The explorer and psychoanalyst Melanie Weiss is a negative, as it were, of Dr. Blanche Schwarzmann mentioned by John Ray, Jr. in his Foreword to Humbert's manuscript:

 

Viewed simply as a novel, “Lolita” deals with situations and emotions that would remain exasperatingly vague to the reader had their expression been etiolated by means of platitudinous evasions. True, not a single obscene term is to be found in the whole work; indeed, the robust philistine who is conditioned by modern conventions into accepting without qualms a lavish array of four-letter words in a banal novel, will be quite shocked by their absence here. If, however, for this paradoxical prude’s comfort, an editor attempted to dilute or omit scenes that a certain type of mind might call “aphrodisiac” (see in this respect the monumental decision rendered December 6, 1933, by Hon. John M. Woolsey in regard to another, considerably more outspoken, book), one would have to forego the publication of “Lolita” altogether, since those very scenes that one might inpetly accuse of sensuous existence of their own, are the most strictly functional ones in the development of a tragic tale tending unswervingly to nothing less than a moral apotheosis. The cynic may say that commercial pornography makes the same claim; the learned may counter by asserting that “H. H.”‘s impassioned confession is a tempest in a test tube; that at least 12% of American adult males - a “conservative” estimate according to Dr.
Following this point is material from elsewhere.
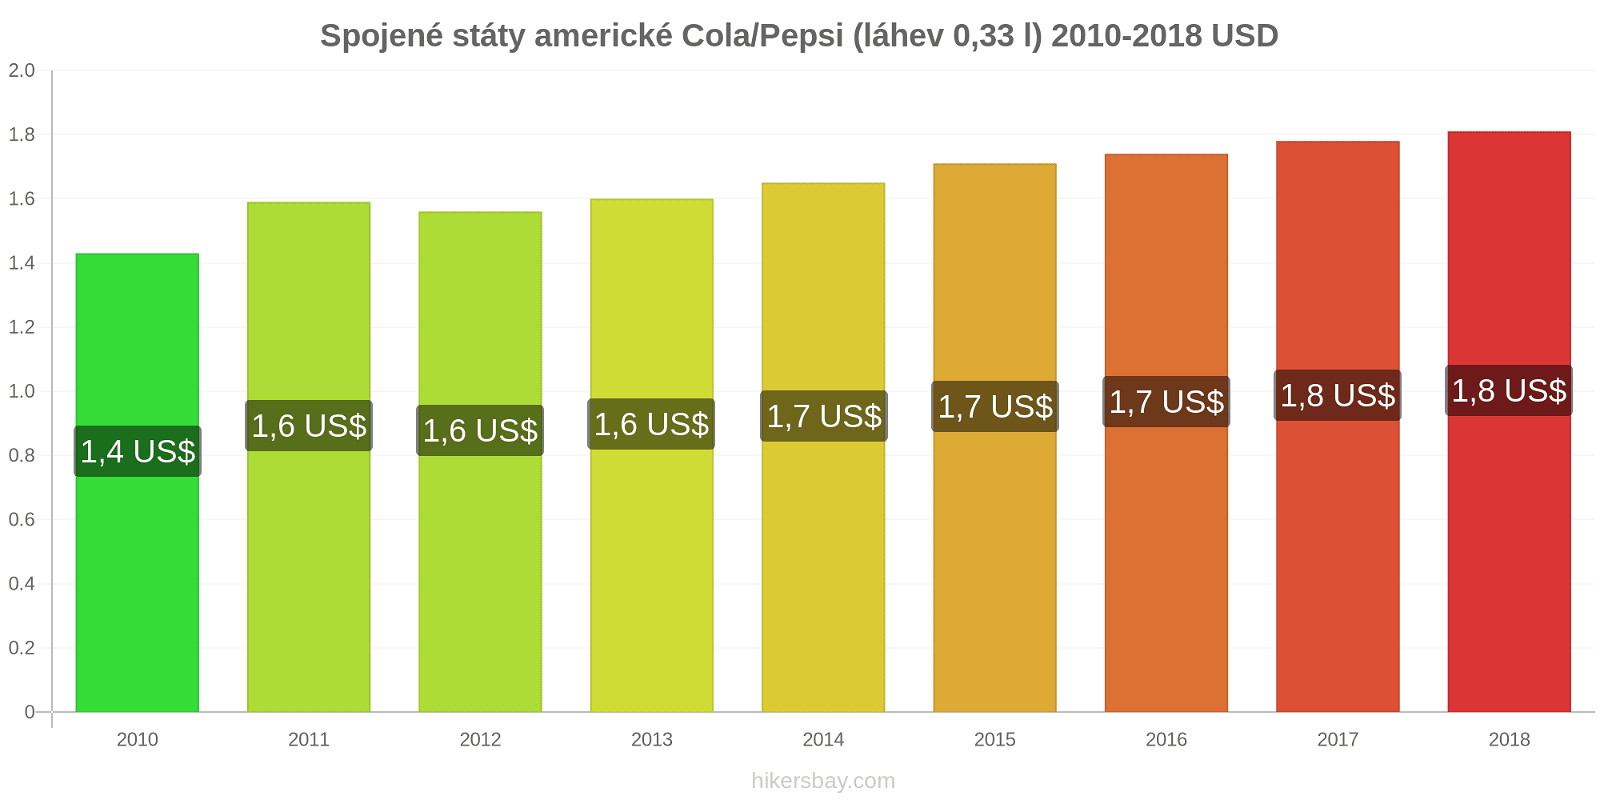 Spojené státy americké změny cen Coca-Cola/Pepsi (láhev 0.33 l) hikersbay.com

Blanche Schwarzmann (verbal communication) - enjoy yearly, in one way or another, the special experience “H. H.” describes with such despare; that had our demented diarist gone, in the fatal summer of 1947, to a competent psycho-pathologist, there would have been no disaster; but then, neither would there have been this book.

 

If Dr. Blanche Schwarzmann and the explorer and psychoanalyst Melanie Weiss are one and the same person, then Humbert Humbert and John Ray, Jr. must be one and the same person, too.